Friday, December 5, 2008

Black Wednesday, yet another post

On one hand, publishers and booksellers understand that books are a great value, and as in previous economic slowdowns, books make particularly great gifts in tough economic times. New initiatives from Random House, Penguin, and the American Booksellers Association drive home the message.

On the other hand, a lot of our friends in publishing have lost their jobs this week, and we all expect more to follow, both in publishing and bookselling. I'm part sad for everyone caught up on this, part panicky over the whole thing for others as well as myself, and it's sometimes hard to go out on the selling floor and boot myself into bookseller mode.

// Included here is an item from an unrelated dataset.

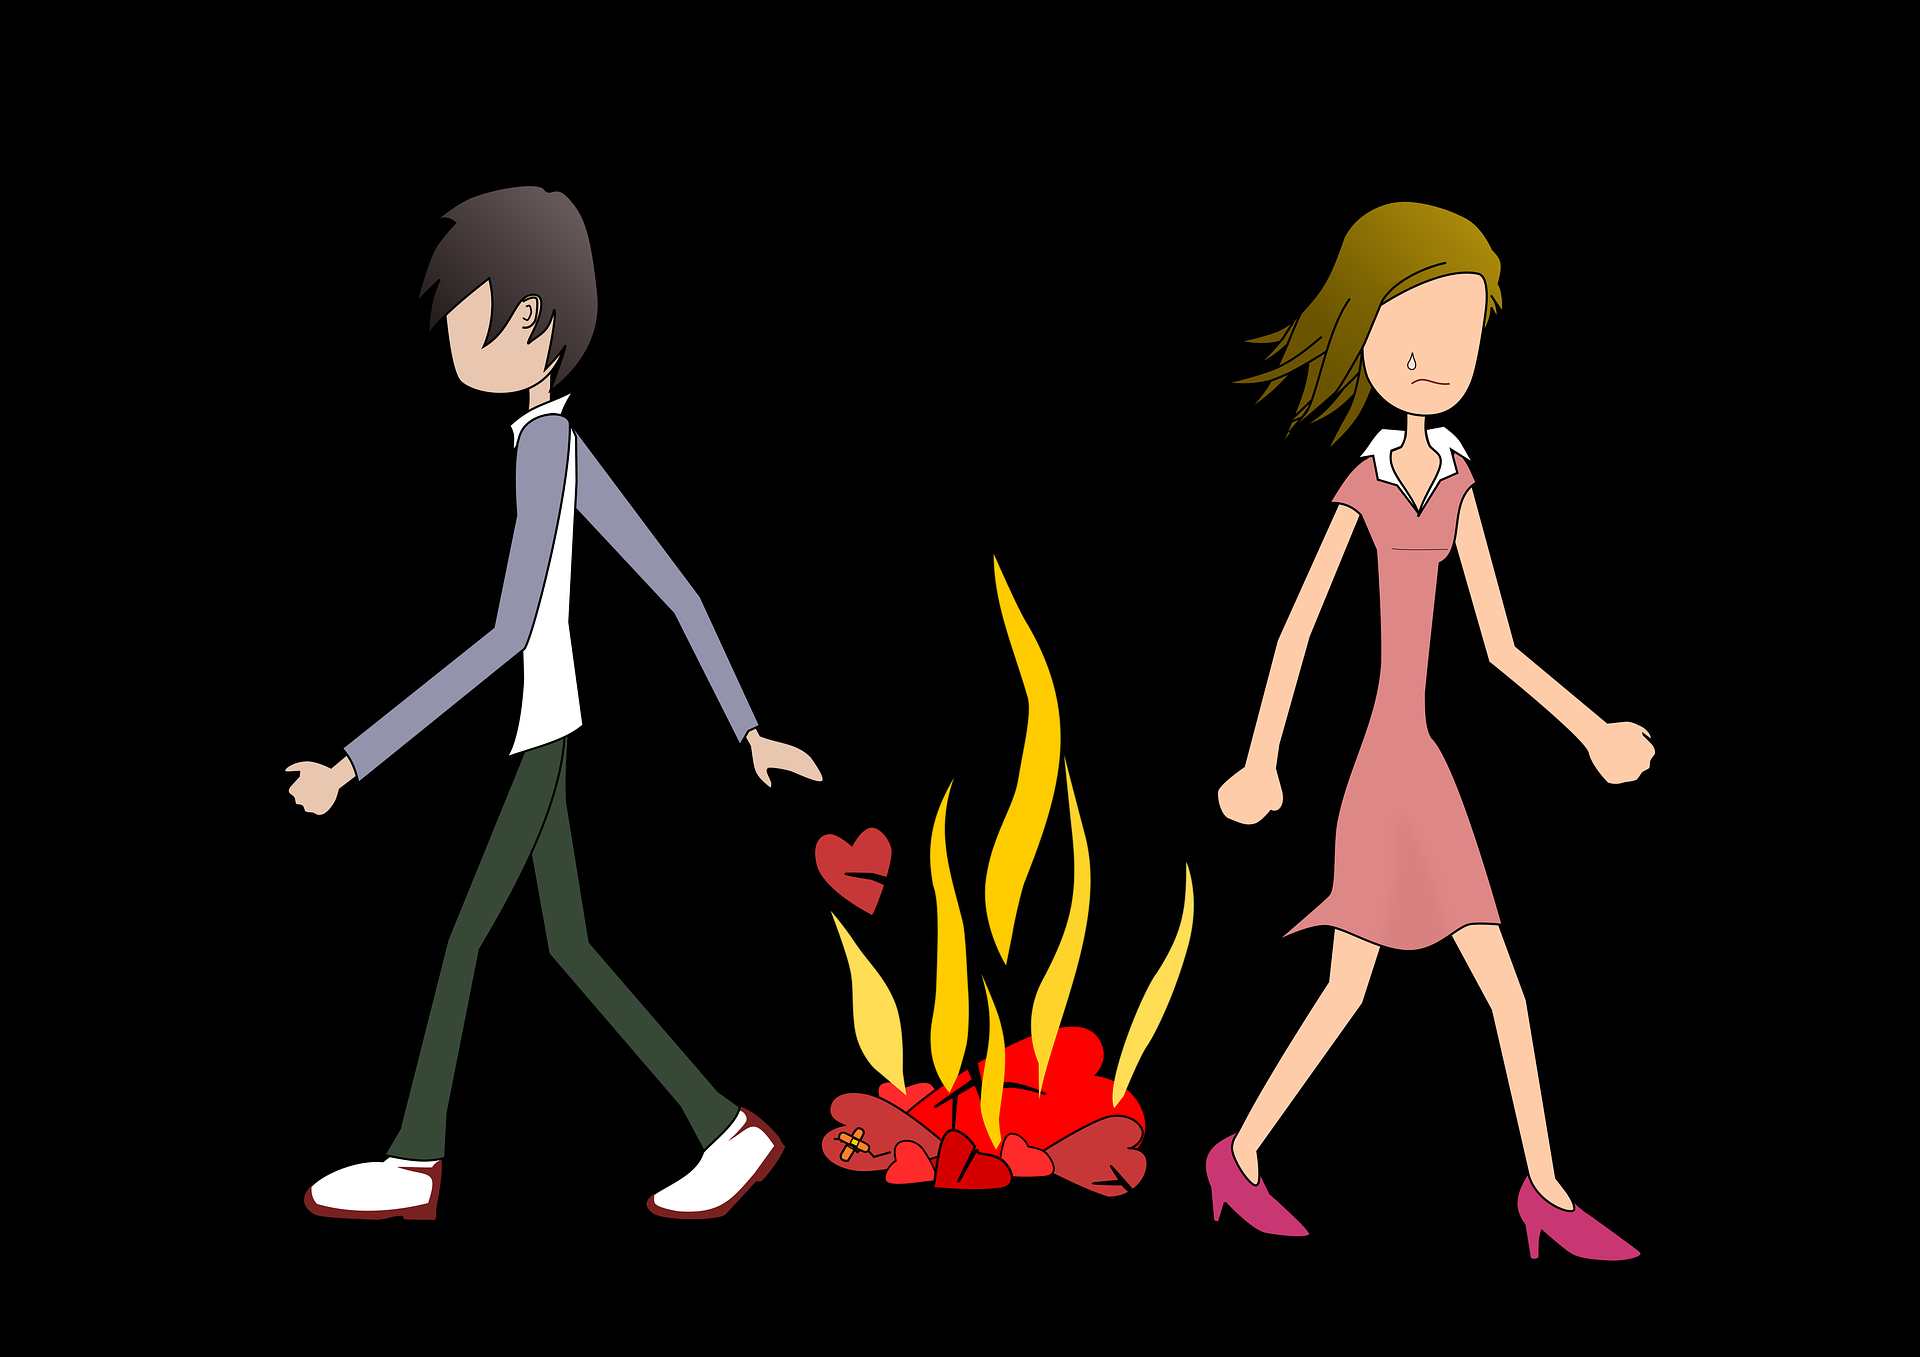 Couple Breaking Up Sad Image Graphics Sad Cartoon Pic Download 1920x1357 Download Hd Wallpaper Wallpapertip

Then I work at the Mequon Schwartz bookshop for the day, and I talk to a lovely reader who just finished the new Michael Connelly, The Brass Verdict, and wanted the last book featuring that guy who drives around in big cars. After finding The Lincoln Lawyer, we started discussing her love of legal thrillers and the odd situation where Schwartz puts half of them in fiction and the other half in mystery. It's part tradition, part publisher labeling, and part whether there's a dead body and does the reader know who did it beforehand. We move them around periodically and someday we'll have them arranged perfectly.

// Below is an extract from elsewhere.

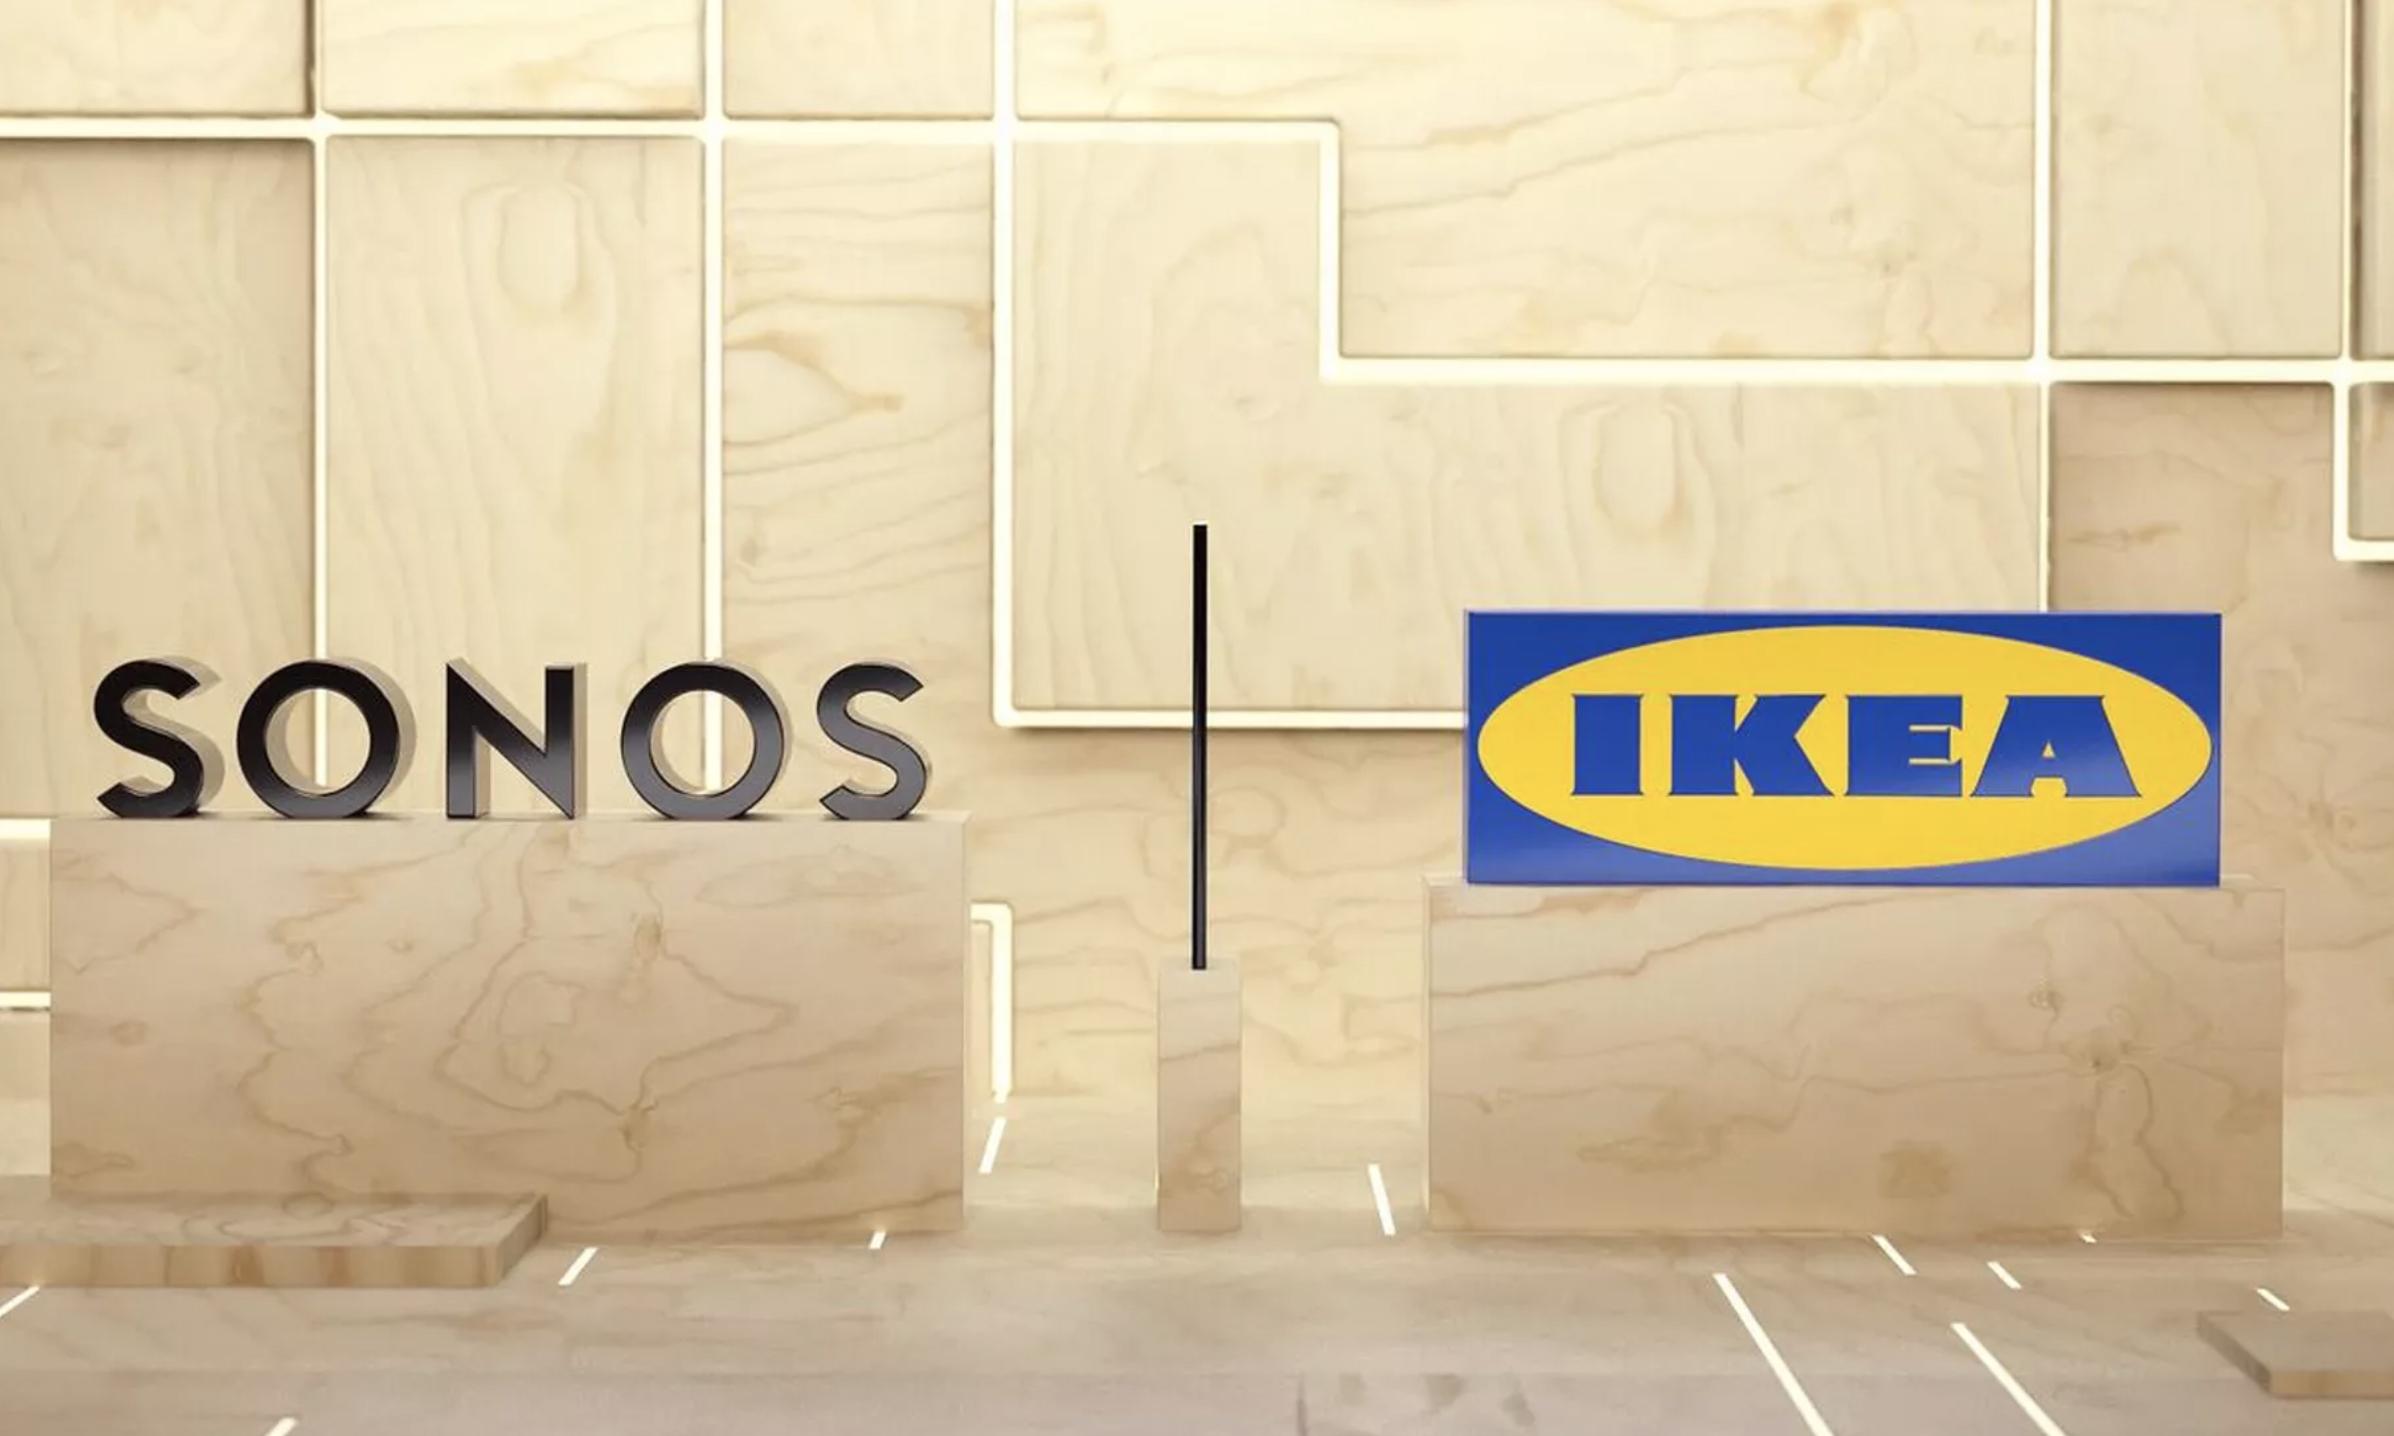 IKEA 与音响品牌 Sonos 宣布合作,加快智能家居步伐

Names flew about--Steve Martini, John Lescroart, Lisa Scottoline and more, but she was voracious and had tackled all I could suggest. Finally I think we hit the jackpot--John Mortimer's Rumpole series. She ended up with a copy of Rumpole and the Reign of Terror, and I told her that if she liked this one, there were more than twenty others to devour.

I know she did not need to talk to me to make this discovery. I know she didn't have to come into the shop. But she did, and we had a good time together, and it made both our days.